21st Century Basic Education Project

Tanzania is successfully encouraging children to go to school. For example, enrollment climbed from 59 percent in 2000 to 96 percent in 2010 on mainland Tanzania. This rapid influx of students has generated significant challenges to educational quality, while teaching methods were not conducive to developing problem-solving and critical thinking among students. Teachers needed more training, support and technology in order to be effective.

The Tanzania 21st Century Basic Education Project is improving classroom instruction in 900 lower primary schools in the Mtwara region and the islands of Pemba and Unguja in Zanzibar. It supports Tanzania’s efforts to improve learning outcomes—especially early grade reading in Kiswahili—through teacher support and training, technology in the classroom, and community engagement. It is funded by the U.S. Agency for International Development.

The program provides focused technical assistance and professional support to school administrators and education officials. Teachers receive professional development in child-centered, active-learning pedagogy, as well as phonics-based reading instruction, classroom management and incorporating e-content into lessons. It is introducing information communications technology and training into schools, which brings classrooms into the 21st century.

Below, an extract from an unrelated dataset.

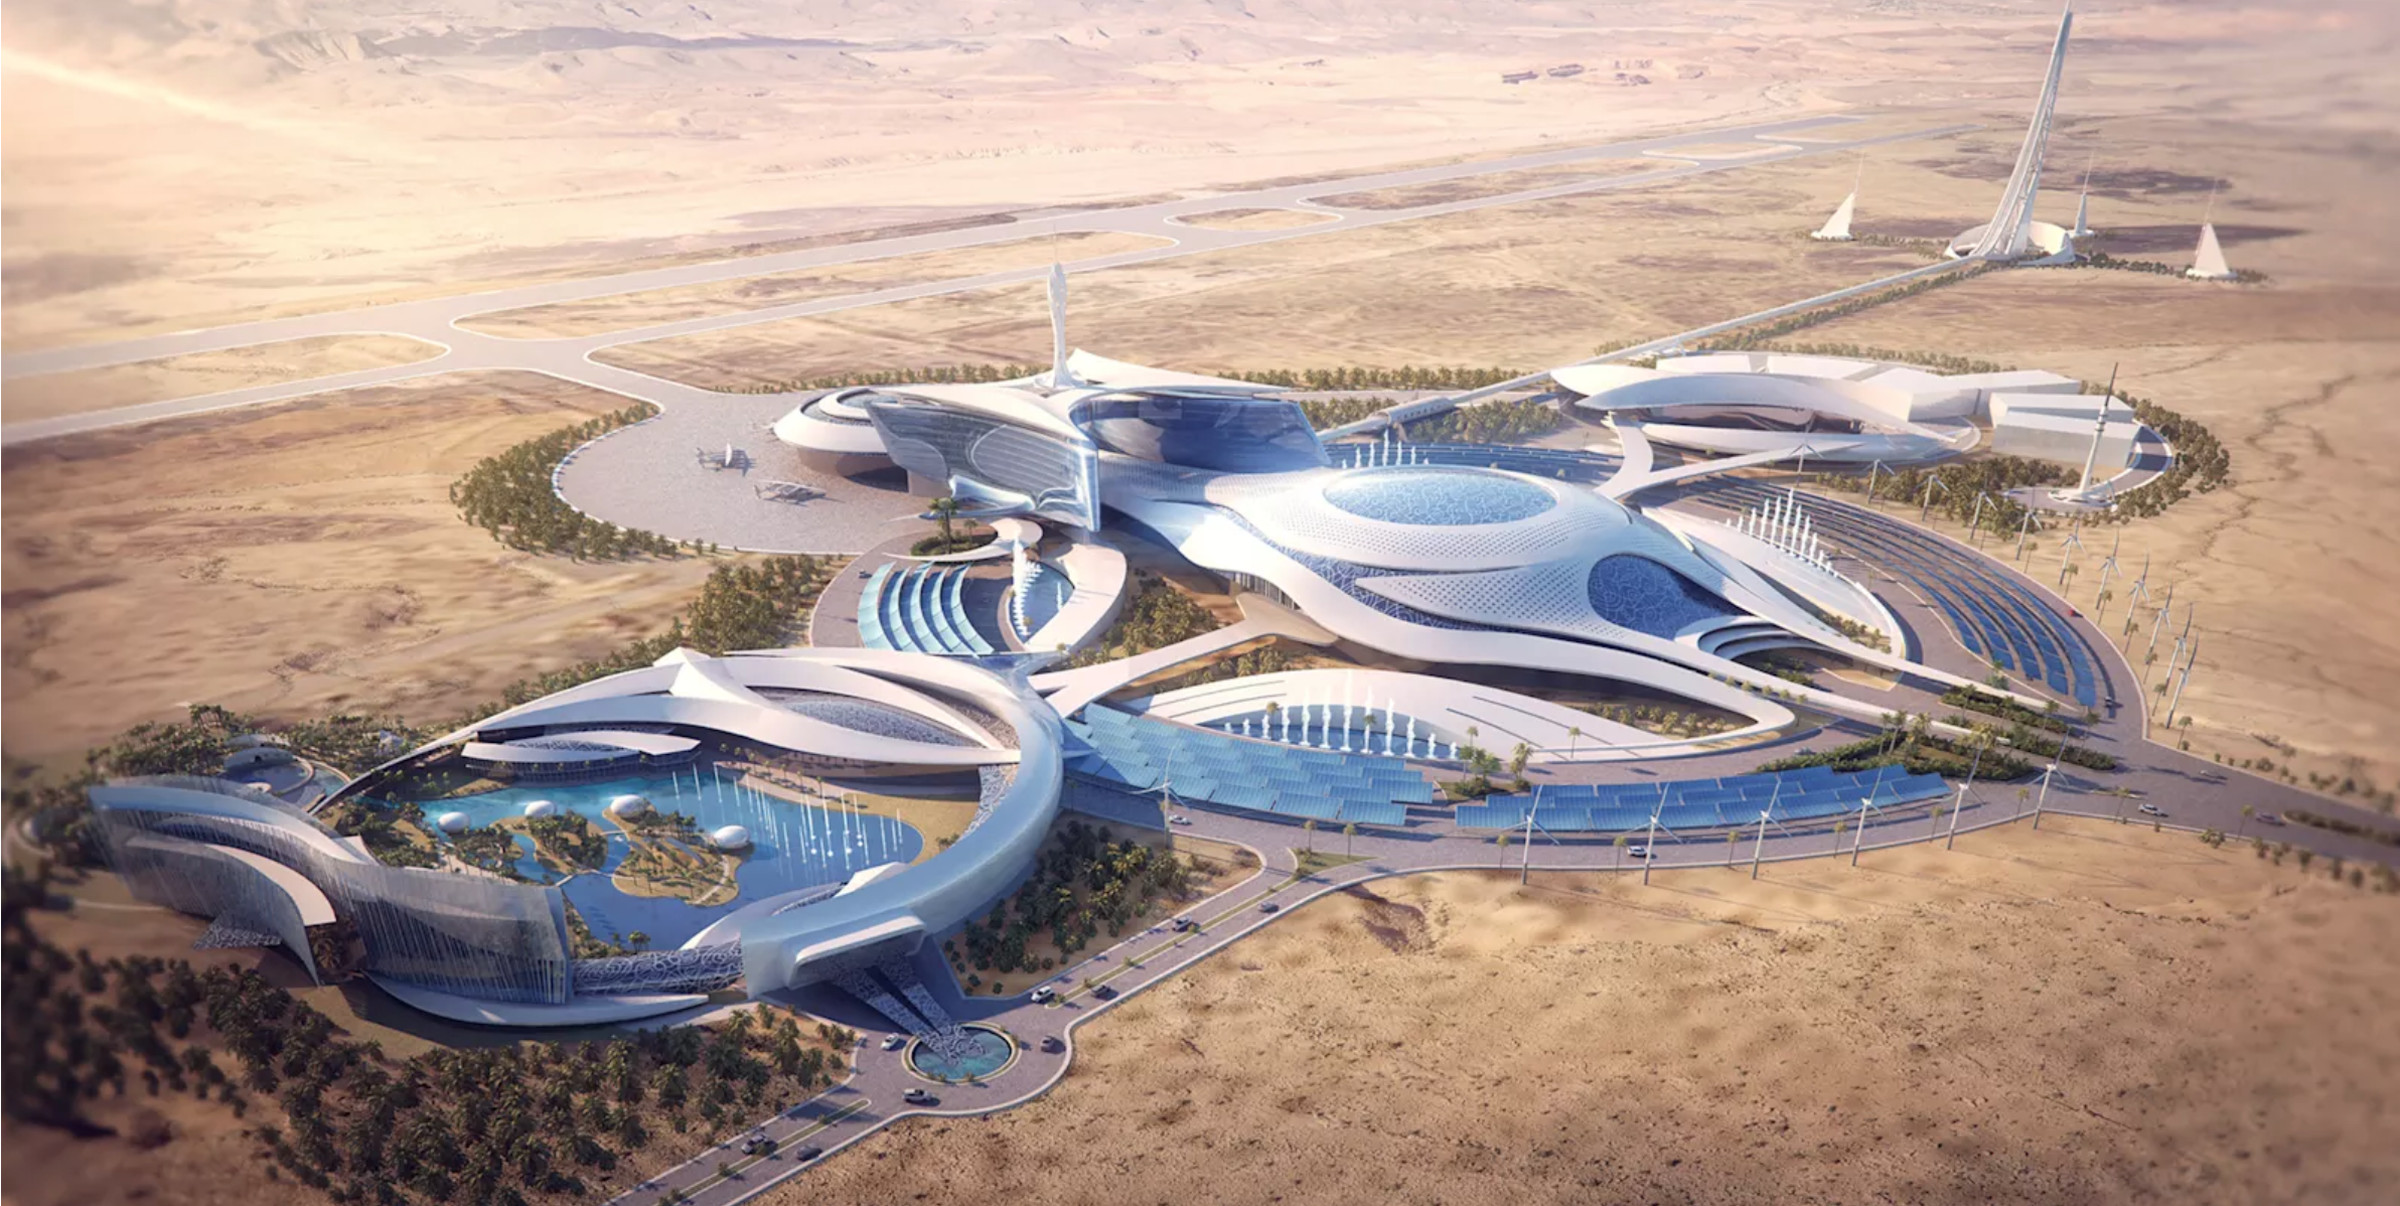 A rendering of a future space-centric entertainment center in Saudi Arabia.

The Tanzania 21st Century Basic Education Project also works with communities to ensure relevant, helpful educational data is being collected. The information is used to help parents, community leaders and education officials to make better decisions about education. It also provides technical and material support to Tanzania’s Ministry of Education and Vocational Training through access to real-time information on the status of their schools and the performance of their students.

It is already creating a greater culture of reading in Tanzanian schools, boosting community engagement and parental support for learning, and creating positive and engaging classrooms.


Tanzania’s 2002 decision to offer free primary education led to a surge in school enrollment—jumping from only 59 percent of primary school-aged students enrolled in 2000 to 96 percent in 2010 on the mainland and nearly 80 percent on Zanzibar. More students in school did not result in better achievement. In 2013, only 5 percent of Tanzanian first graders could pass a Swahili test.